*** Block opens ***
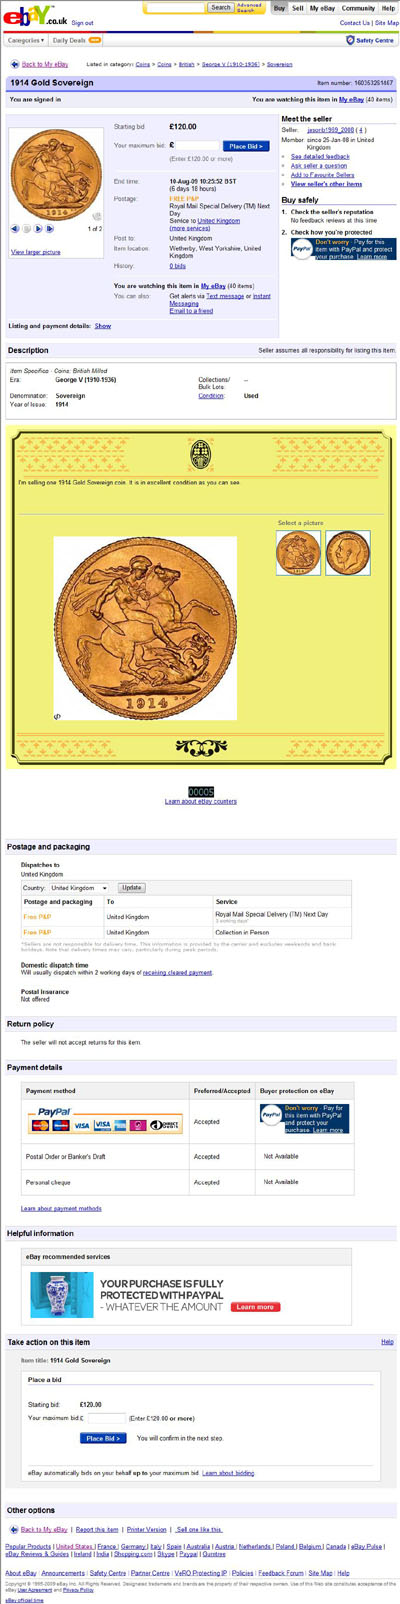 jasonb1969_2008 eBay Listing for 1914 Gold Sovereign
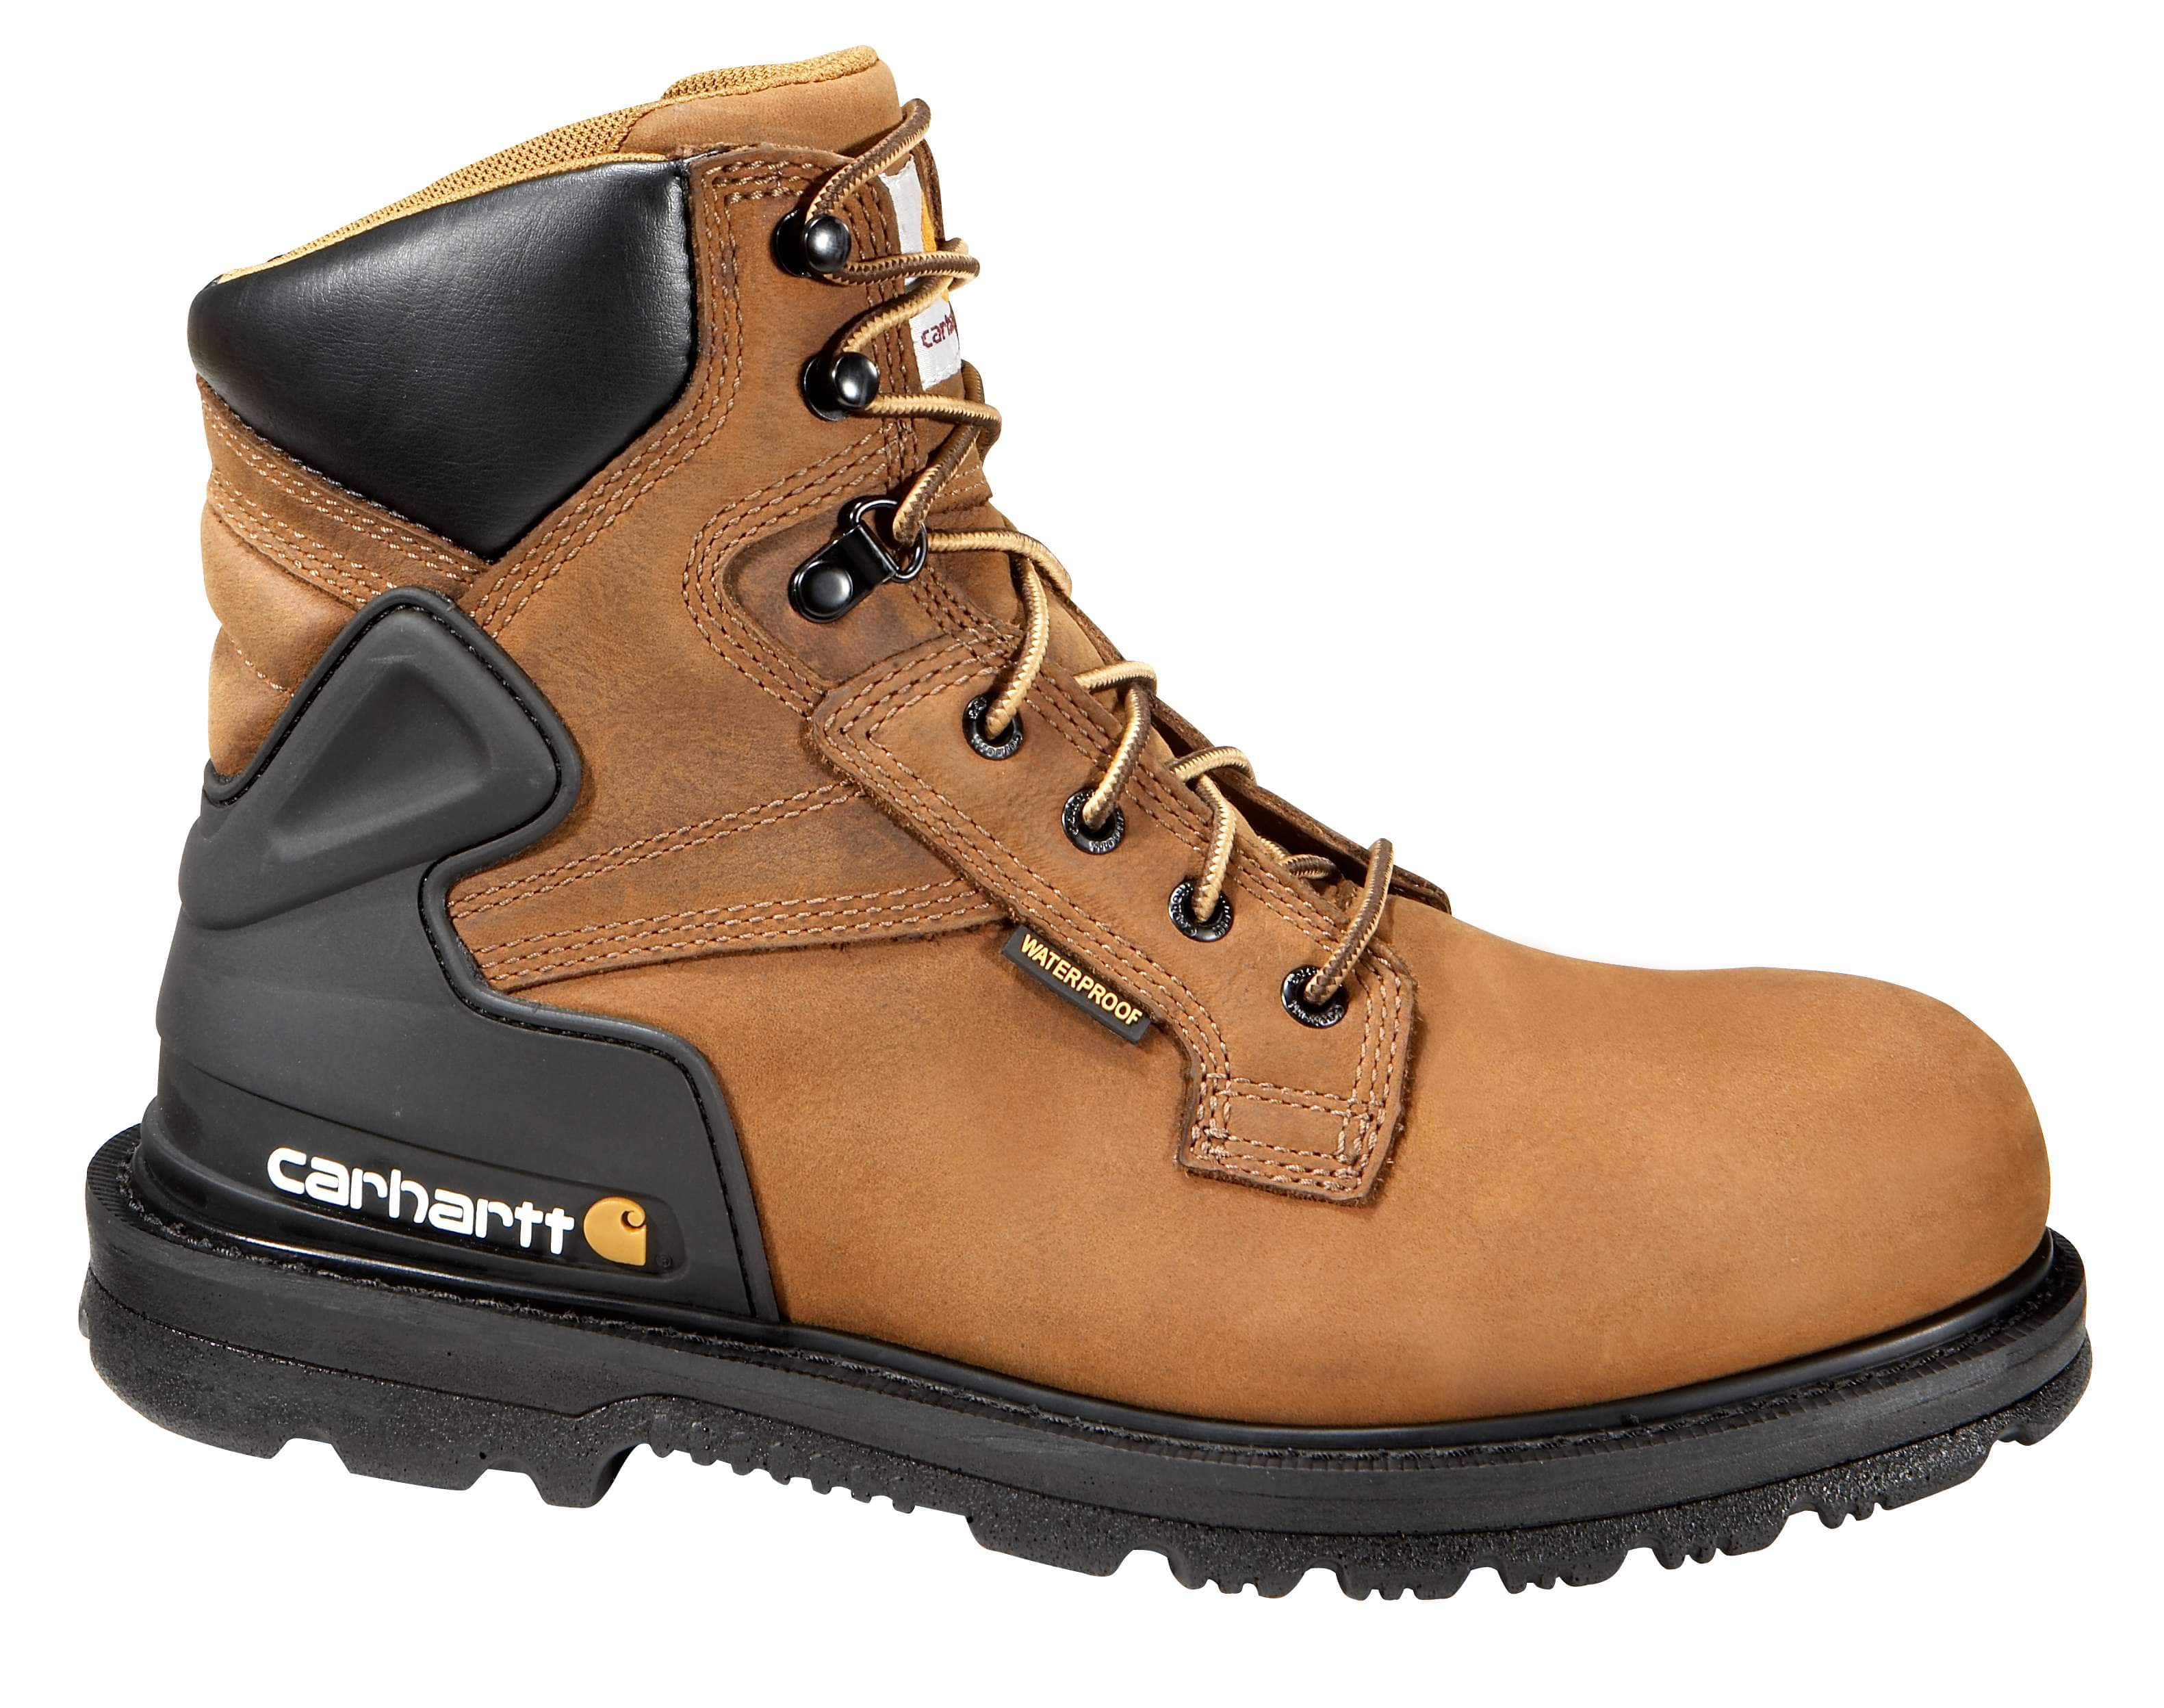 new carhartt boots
*** Block closes ***
*** Block opens ***
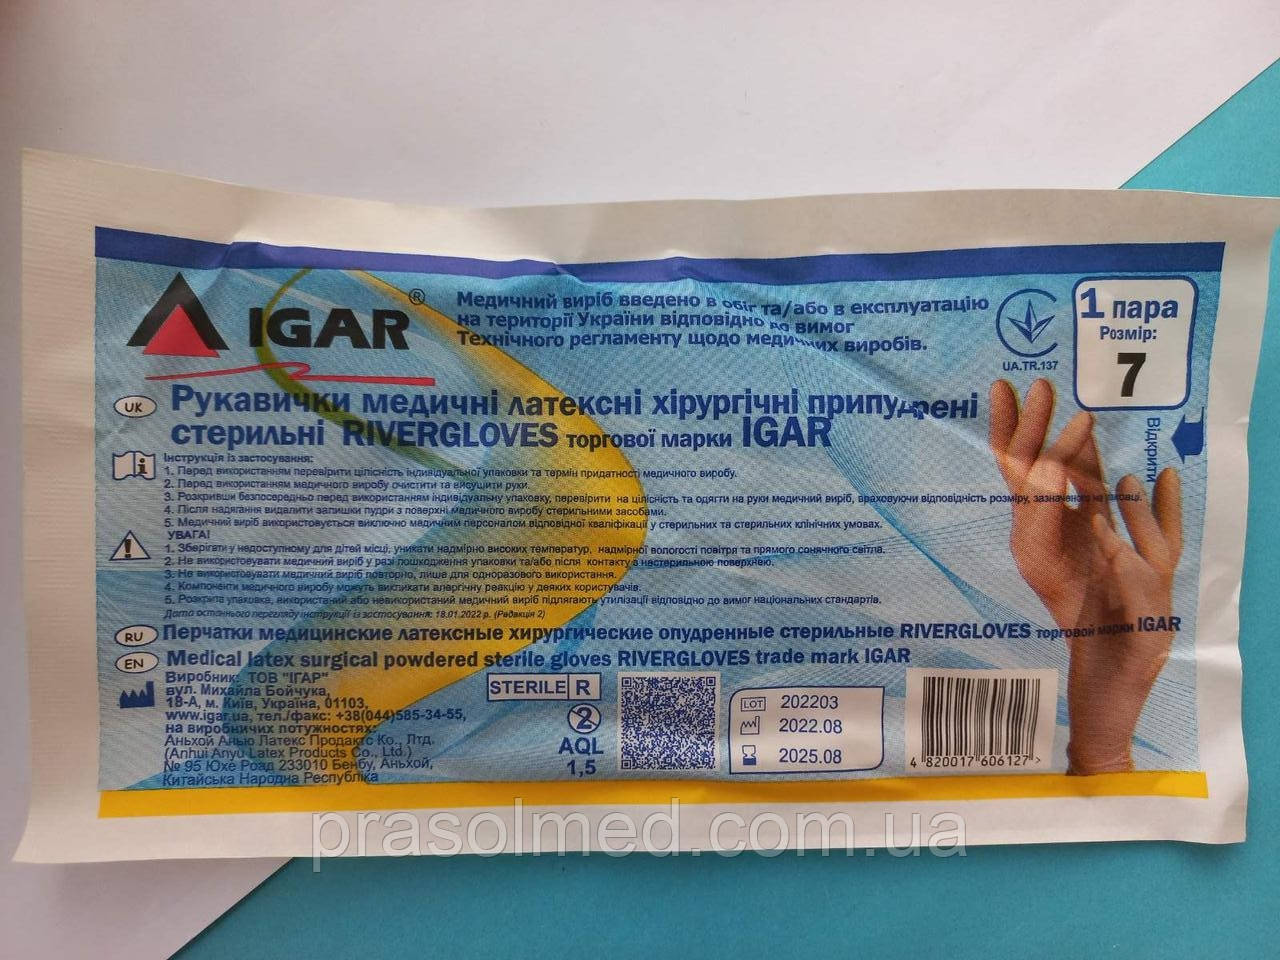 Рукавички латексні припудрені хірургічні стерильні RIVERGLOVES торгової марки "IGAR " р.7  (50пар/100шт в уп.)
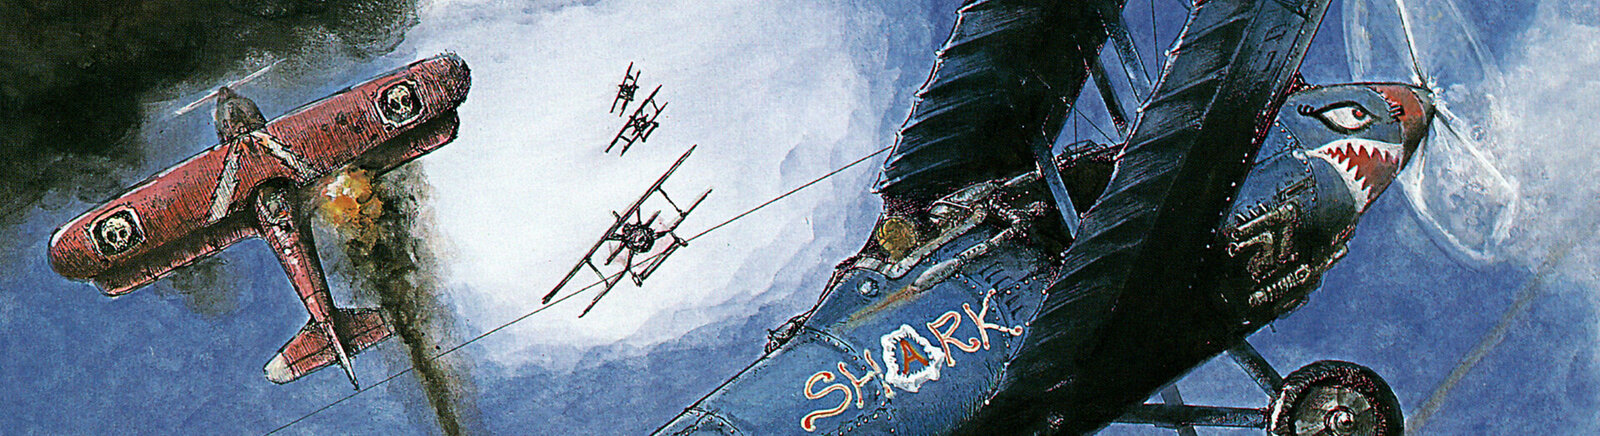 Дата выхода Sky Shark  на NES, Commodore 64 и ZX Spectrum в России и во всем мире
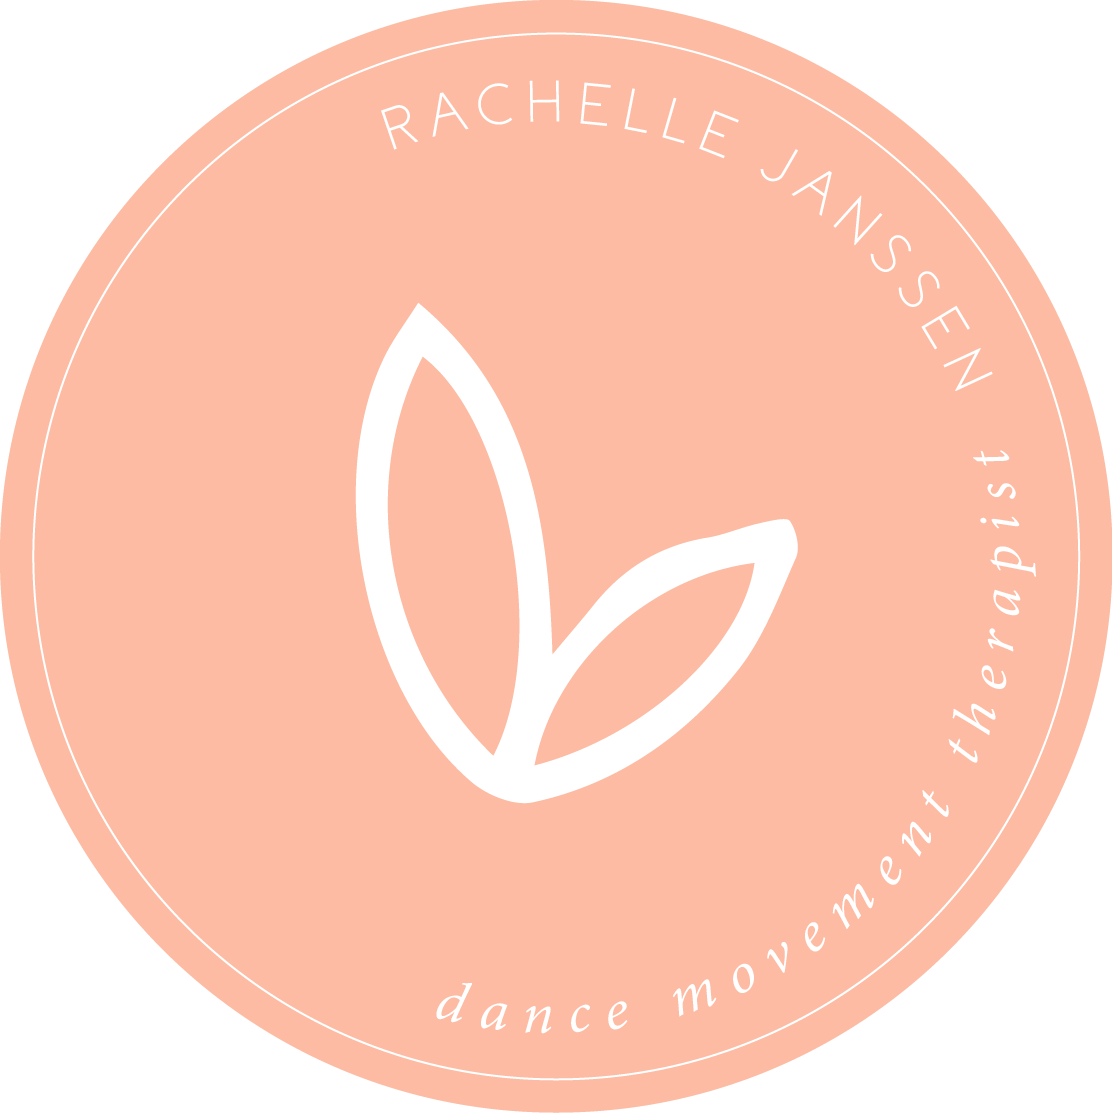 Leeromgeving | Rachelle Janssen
*** Block closes ***
*** Block opens ***
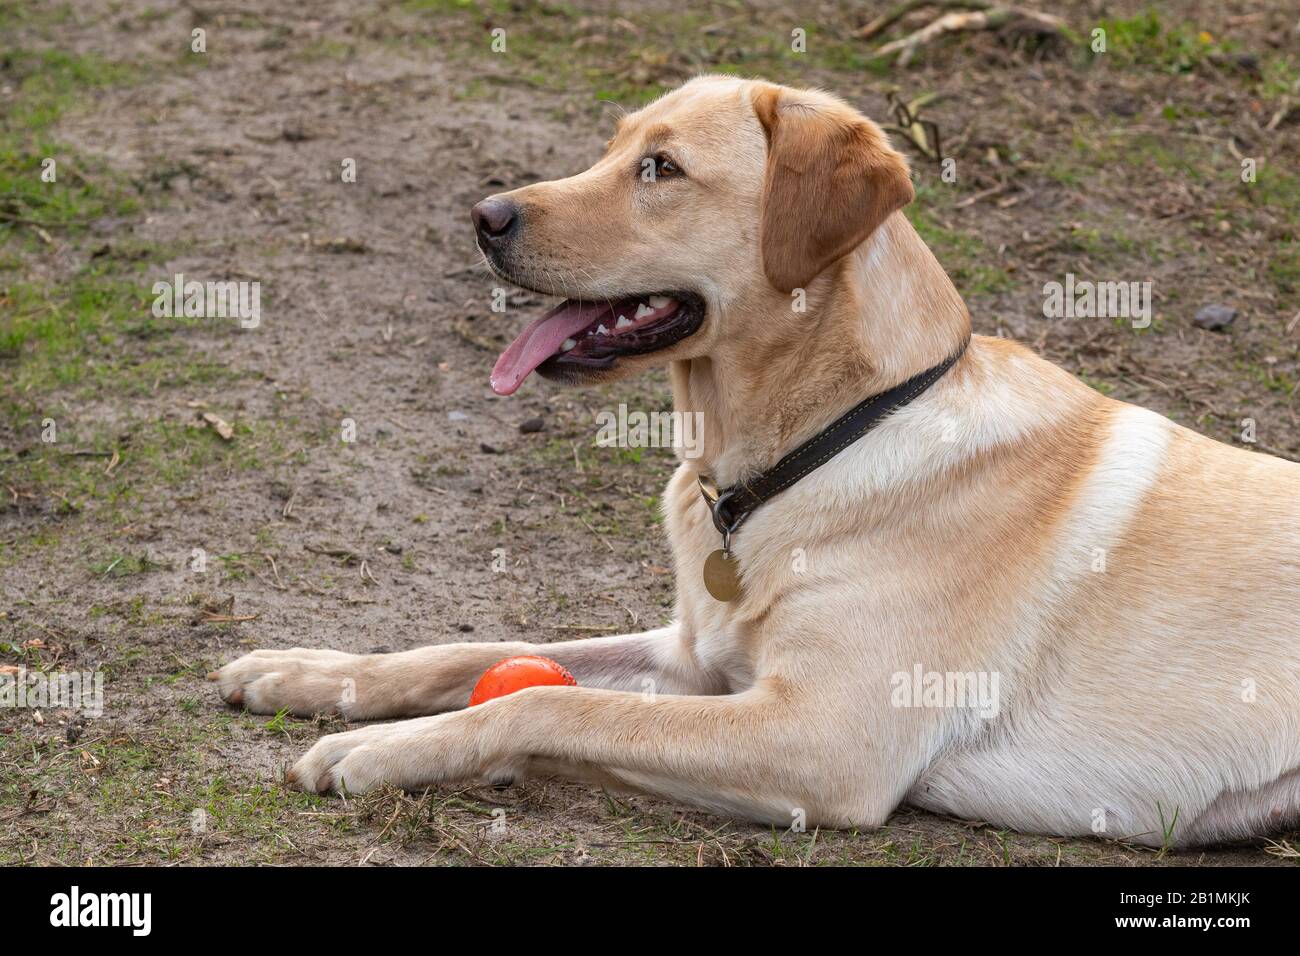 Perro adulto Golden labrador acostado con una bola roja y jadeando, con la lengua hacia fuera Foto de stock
*** Block closes ***
Prompt -> With the pictures omitted, print the lines above exactly, beginning at the line with "jasonb1969_2008 eBay Listing" and going on through the line with "new carhartt boots".

Solved exercise ->
 jasonb1969_2008 eBay Listing for 1914 Gold Sovereign
 new carhartt boots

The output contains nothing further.